Non-steroidal anti-inflammatory drugs (NSAIDs) are widely used in the treatment of rheumatoid arthritis and inflammatory diseases. However, long-term use of NSAIDs has been associated with gastrointestinal bleeding and nephrotoxicity (Omar et al., 1996). Anti-inflammatory activity of non-steroidal anti-inflammatory drugs (NSAIDs) is mediated by inhibition of Cyclo-oxygenases, which results in decrease production of prostanoids, i.e. prostaglandins, prostacyclins, and thromboxane. This mechanism is believed to account for both therapeutic as well as adverse effects of NSAIDs. Two forms of COXs have been identified—COX-I and COX-II. While COX-I is expressed in most of body tissues, COX-II is present with low or undetectable levels in some tissues (Sandhu, 2003). The beneficial anti-inflammatory and analgesic activities are based on the inhibition of COX-II, but the gastro-intestinal toxicity and other side effects are due to the concurrent inhibition of COX-1 (Gupta, 1999). Agent which inhibits COX-II, while sparing COX-1 represents a new therapeutics goal for development of safer NSAIDs (Hawkey, 1999; Khannaa et al., 1997; Boehm and Smietana, 1996; Li et al., 1995; Manivannan et al., 2004). Pharmacological inhibition of COX can provide relief from pain and inflammation (en.wikipedia.org/wiki/cyclooxygenase). Pharmacological inhibition of PGs not only play a central role in inflammation, but also regulate other critical physiological responses, i.e. blood clotting, ovulation initiation of labour pain, nerve growth, and development (Singh et al., 2010) (Fig. 1).

Fig. 1
figure 1

Binding mode of compound I into COX-II

Methods for predicting activity modes of organic molecules to protein receptors are widely used within drug discovery efforts. Ligand docking is typically achieved by generating a number of orientations (or poses) of a ligand within the active site, scoring of poses and identification of one or more poses that closely approximate the bioactive conformation. The bioactive conformations are determined by X-ray crystallography (Poulsen et al., 2008). Docking algorithms are also used for identifying putative binders from virtual chemical databases and for estimating the binding affinity of protein–ligand complexes (Prasanna et al., 2009).

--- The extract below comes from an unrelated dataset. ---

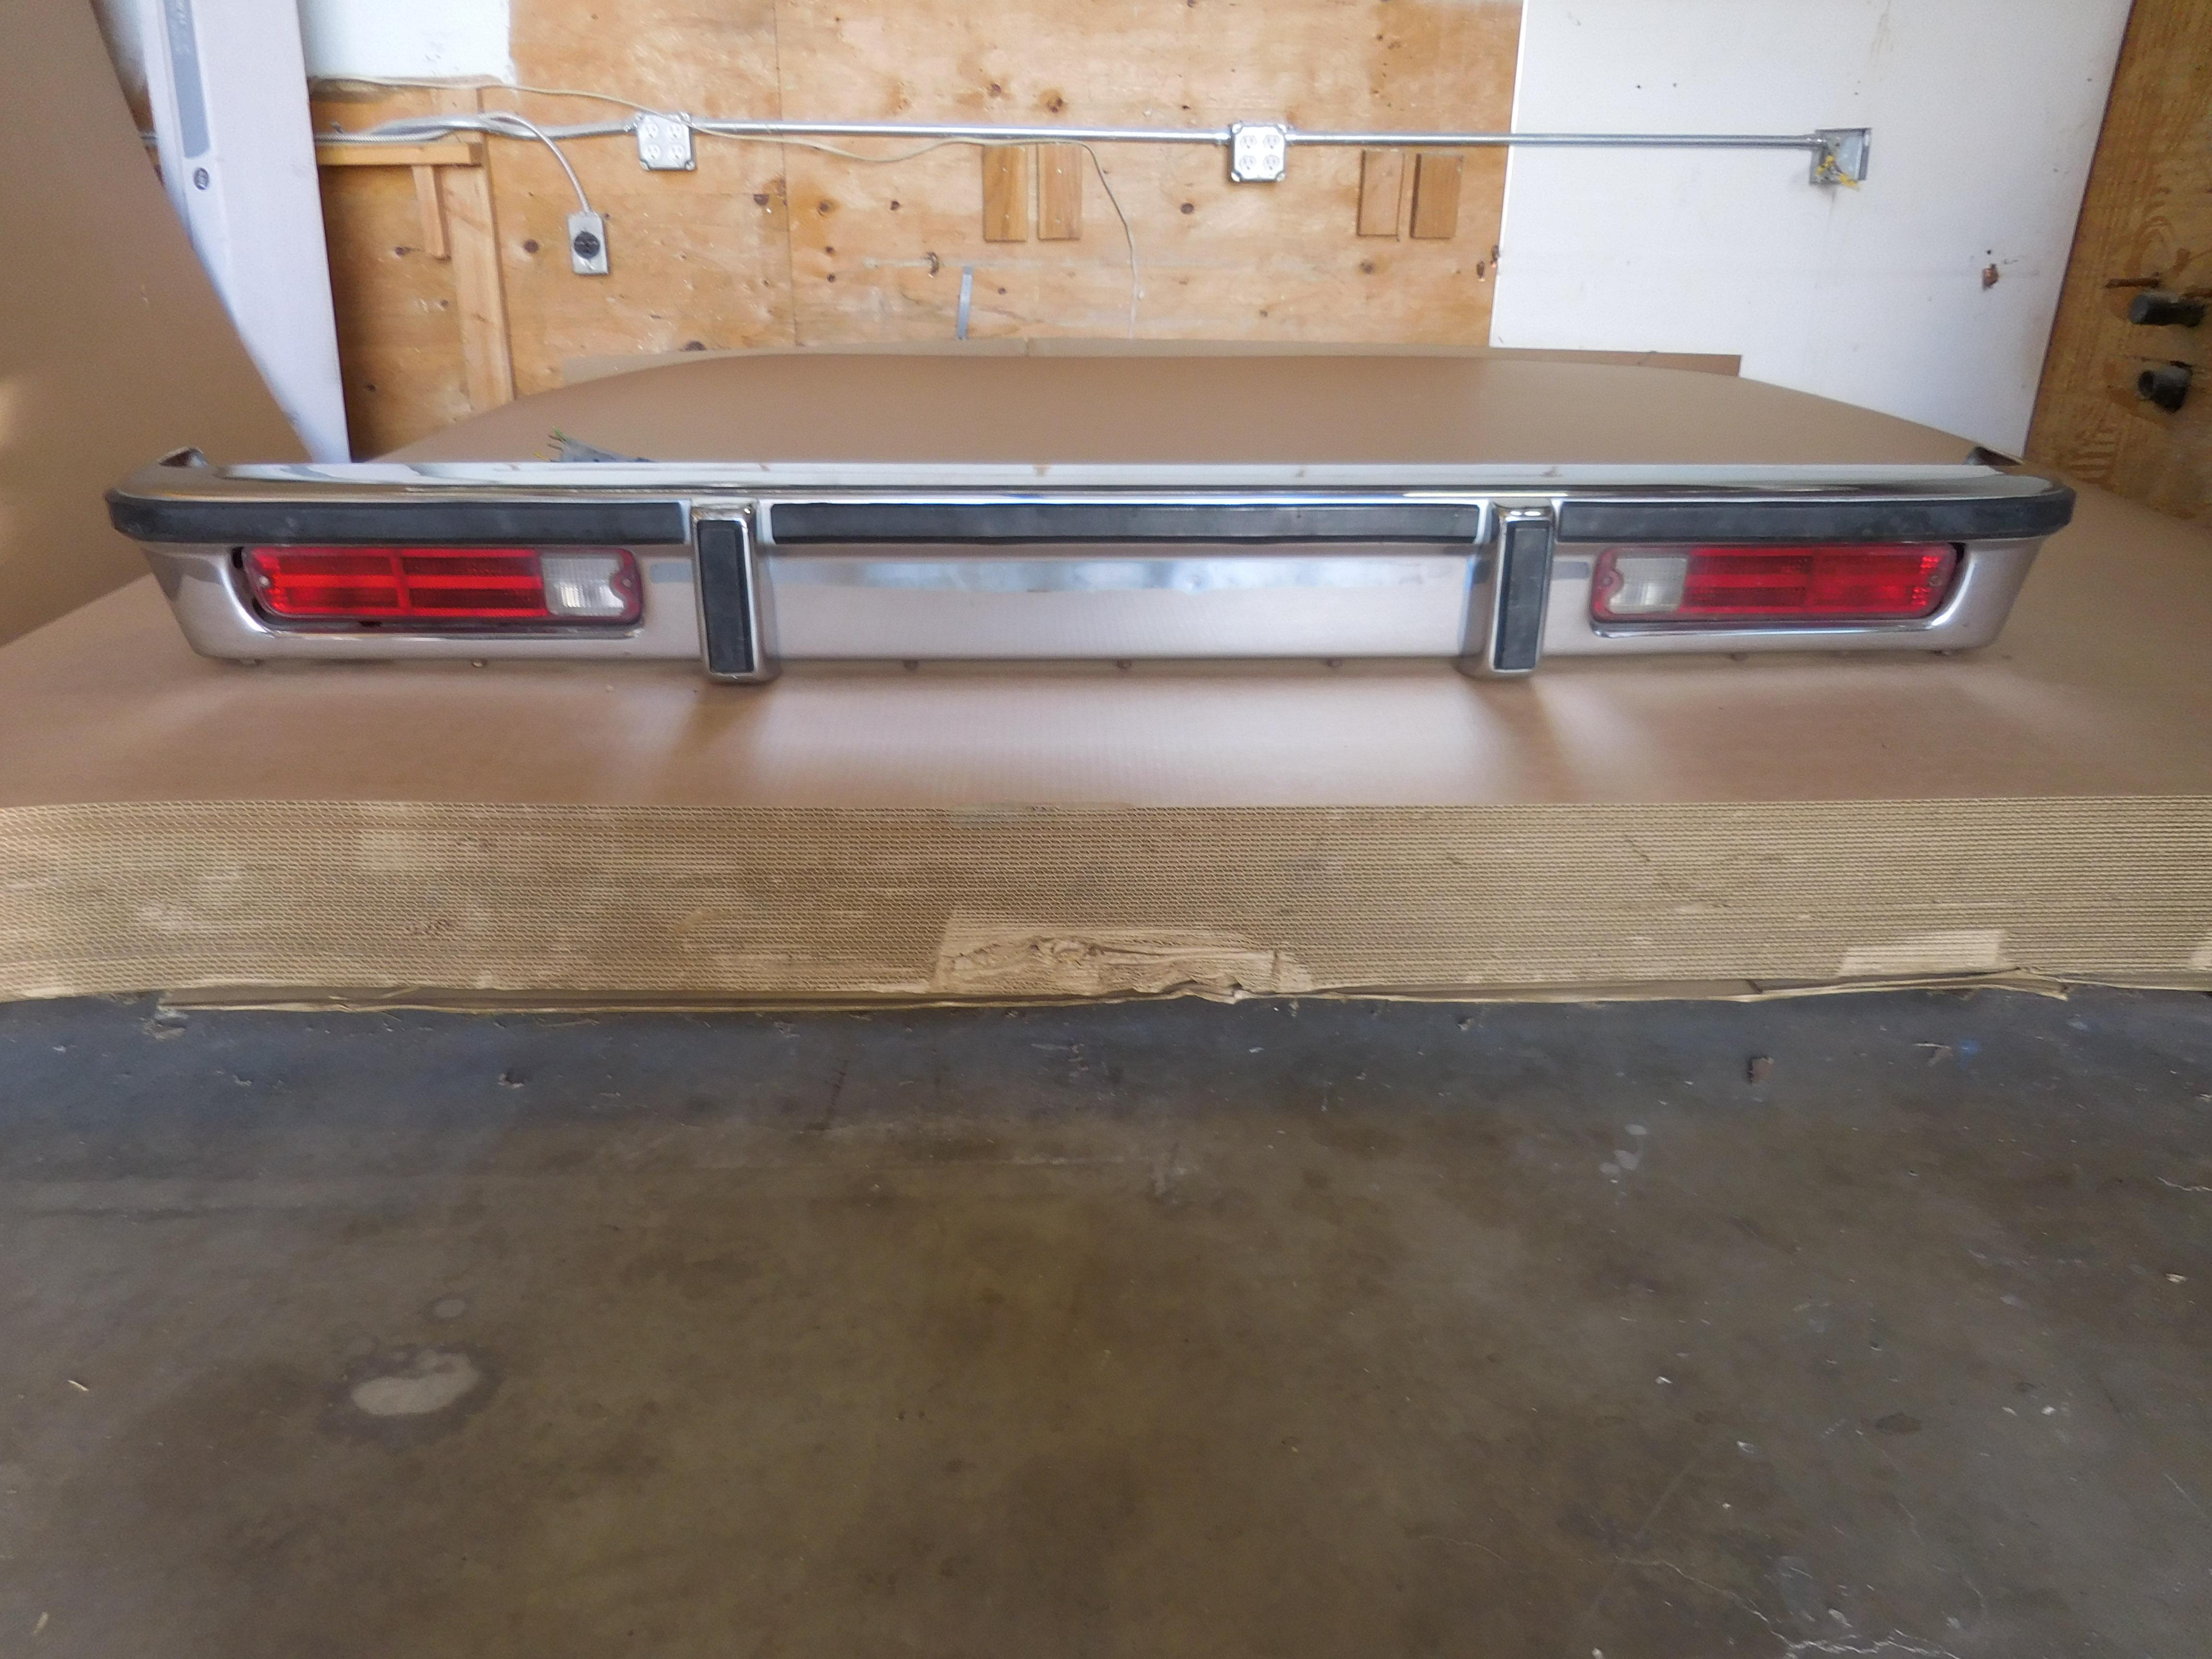 1987 Buick Regal For Sale >> 1978-1988 Chevrolet El Camino Caballero Rear Bumper | GM ...

Butenolides, also known as furanones and pyrrolones, are reported to have anti-inflammatory, analgesic, antiviral, and many other medicinal properties (Husain et al., 2005, Khan et al., 2002). Using this background information and our current interest in the ligand–protein binding, we attempted in-silico study of various hypothetical butenolides as COX-II inhibitors, by computational docking method. The compounds which were found to have high glide score and low energy were synthesized and evaluated for anti-inflammatory and analgesic activities. However, only docking studies are presented in this research paper (Figs. 2, 3).

Fig. 2
figure 2

Binding mode of compound II into COX-II

Fig. 3
figure 3

Binding mode of compound V into COX-II

Materials and methods

Docking is a computational method to determine possible binding modes of a ligand to the active site of a receptor. Docking studies has been performed with a set of hypothetical butenolide derivatives using Maestro 9.0 on COX-II (PDB ID 3HS5). The X-ray structures of which were accessed from the protein data bank (PDB). The basic structure of analogues is shown in Table 1. The COX-II (PDB ID 3HS5) X-ray structures were accessed from the protein data bank (PDB) (Fig. 4).

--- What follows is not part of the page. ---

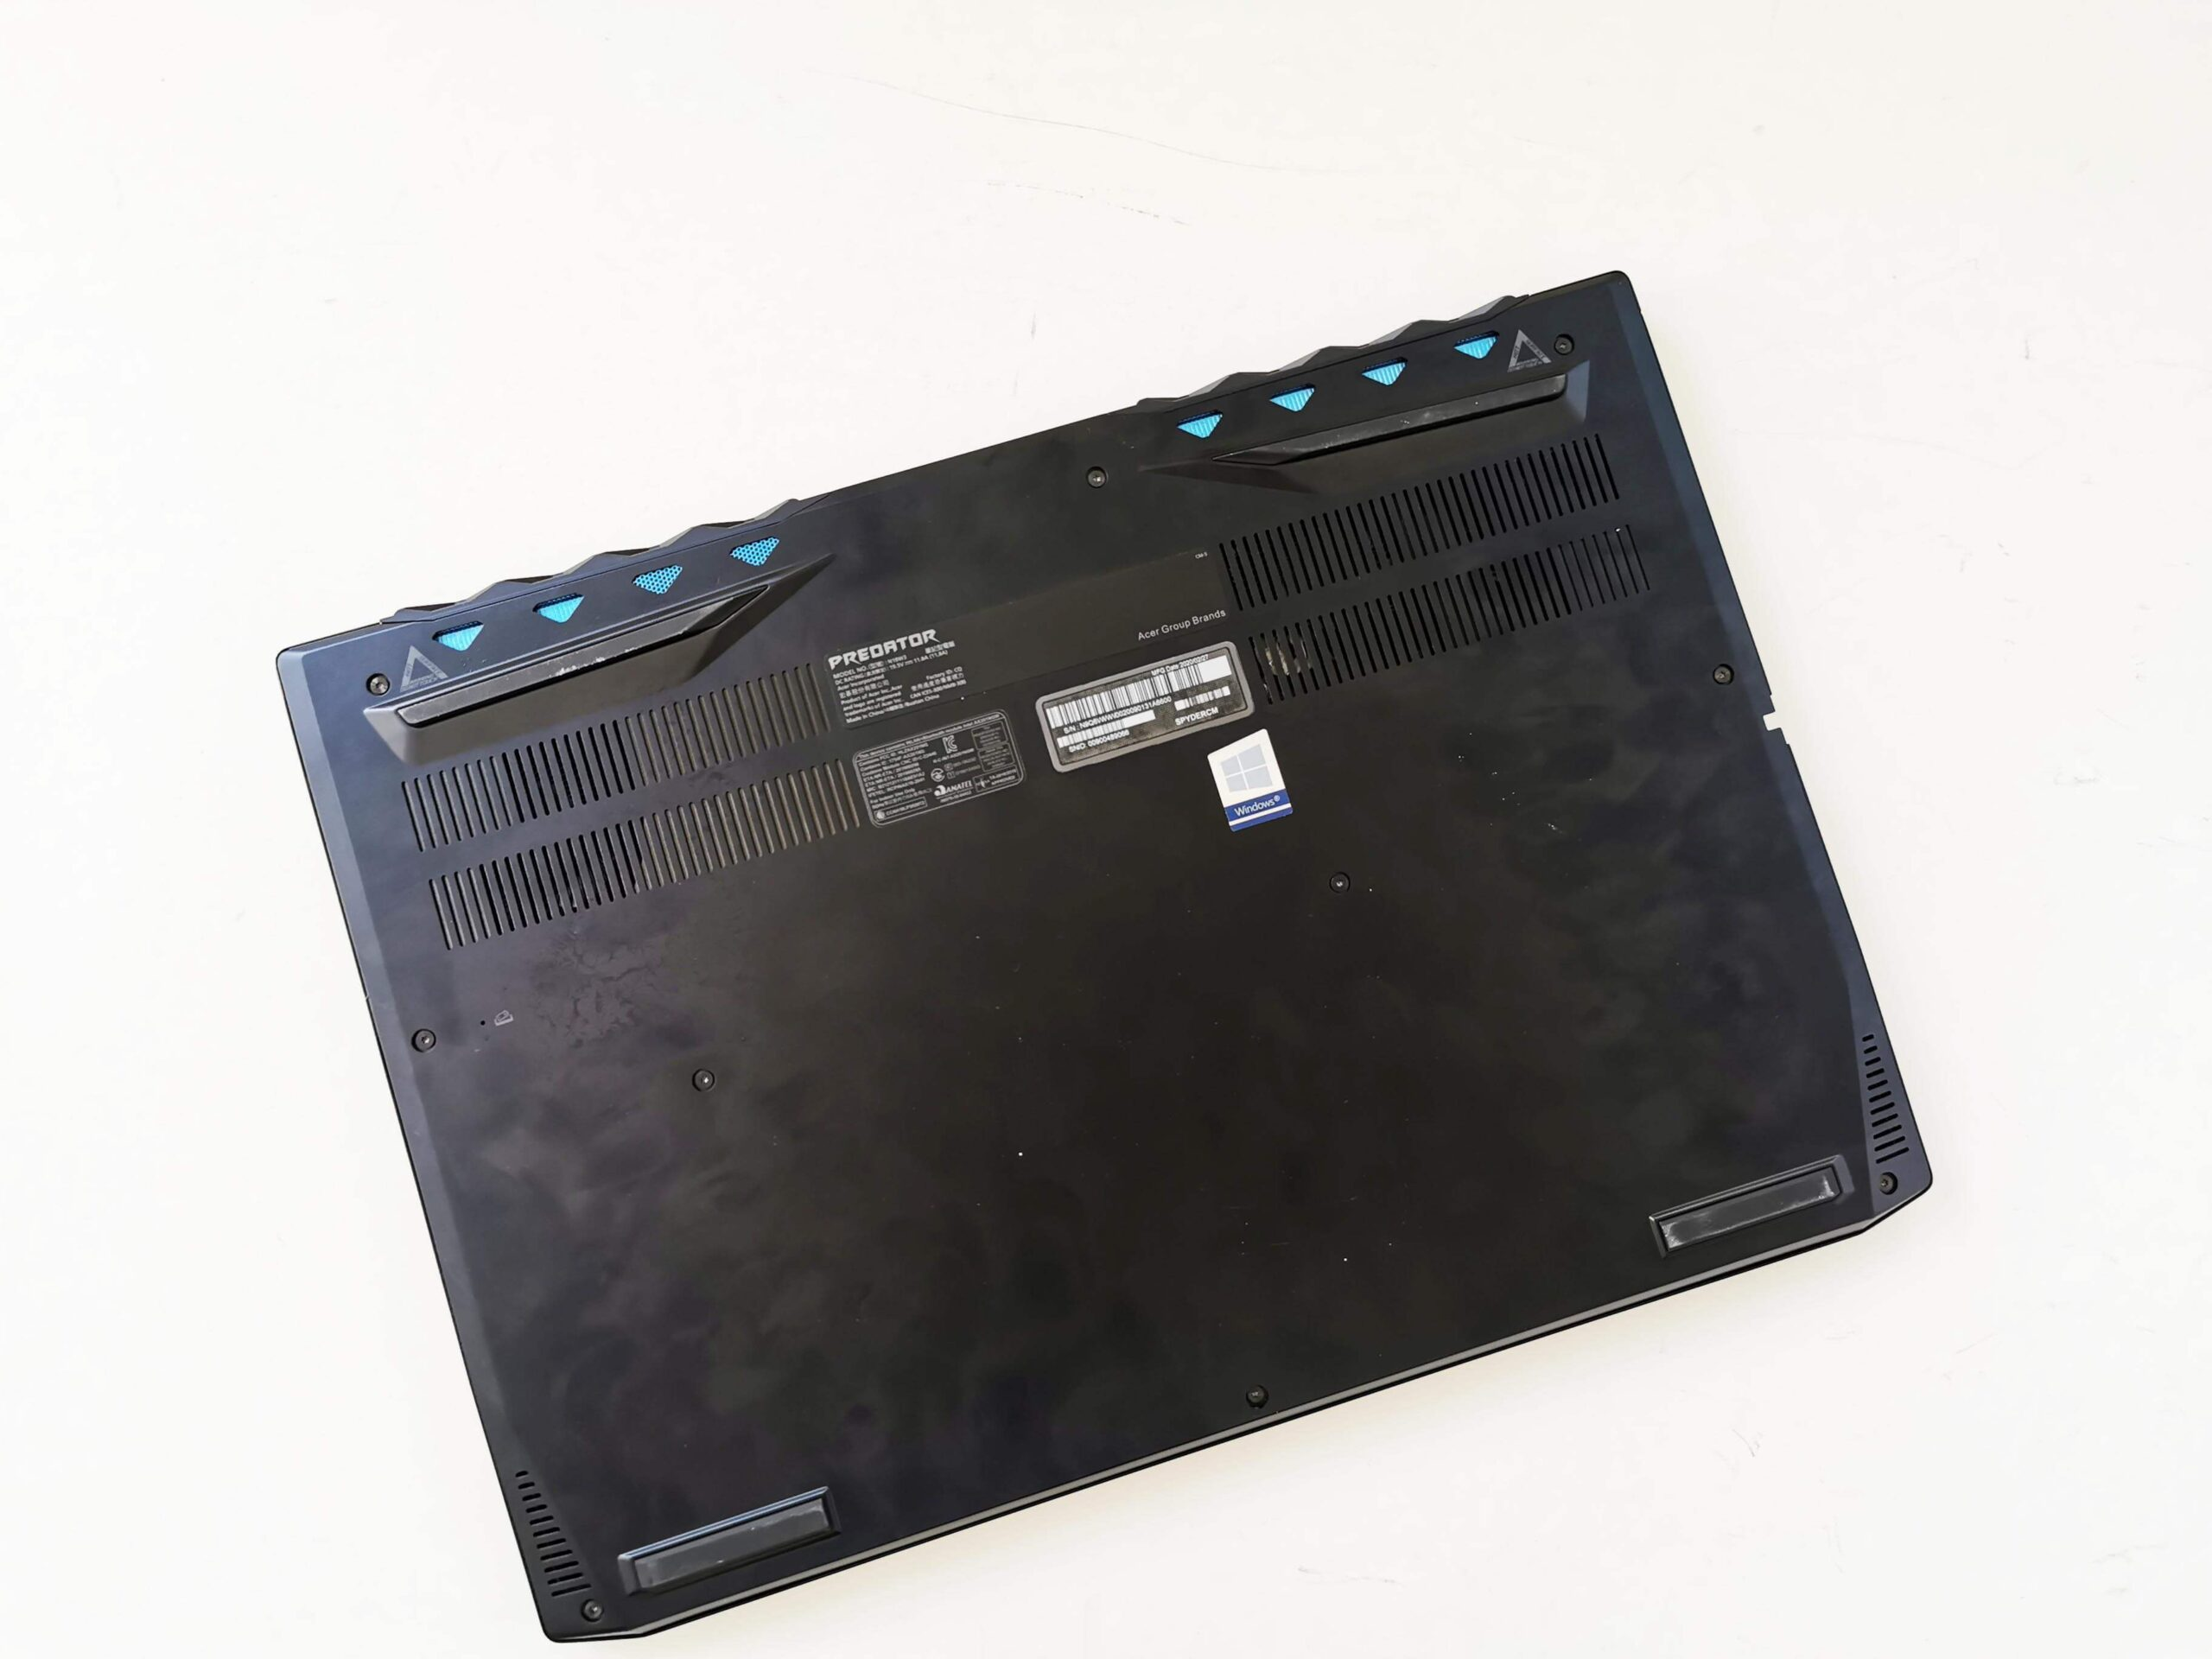 Acer Predator Triton 500 Review Romana si Pareri - 1

Table 1 Chemical structures of hypothetical compounds used for docking studies
Fig. 4
figure 4

Binding mode of compound VI into COX-II

Ligand preparation

The molecules were built using Maestro 9.0 and converted to 3D structure from the 2D using Lig Prep version 5.5(Maestro version 9). Lig Prep is a robust collection of tools designed to prepare high quality, all—atom 3D structures for large numbers of drug-like molecules, starting with the 2D structures in SD or Maestro format. The resulting structures were saved in Maestro format. The simplest use of Lig Prep produces a single, low energy, 3D structure with correct chiralities for each successfully proposed input structure. While performing this step, chiralities were determined from 3D structure and original states of ionization were retained. Tautomers were generated using Macromodel method discarding current conformers (Fig. 5).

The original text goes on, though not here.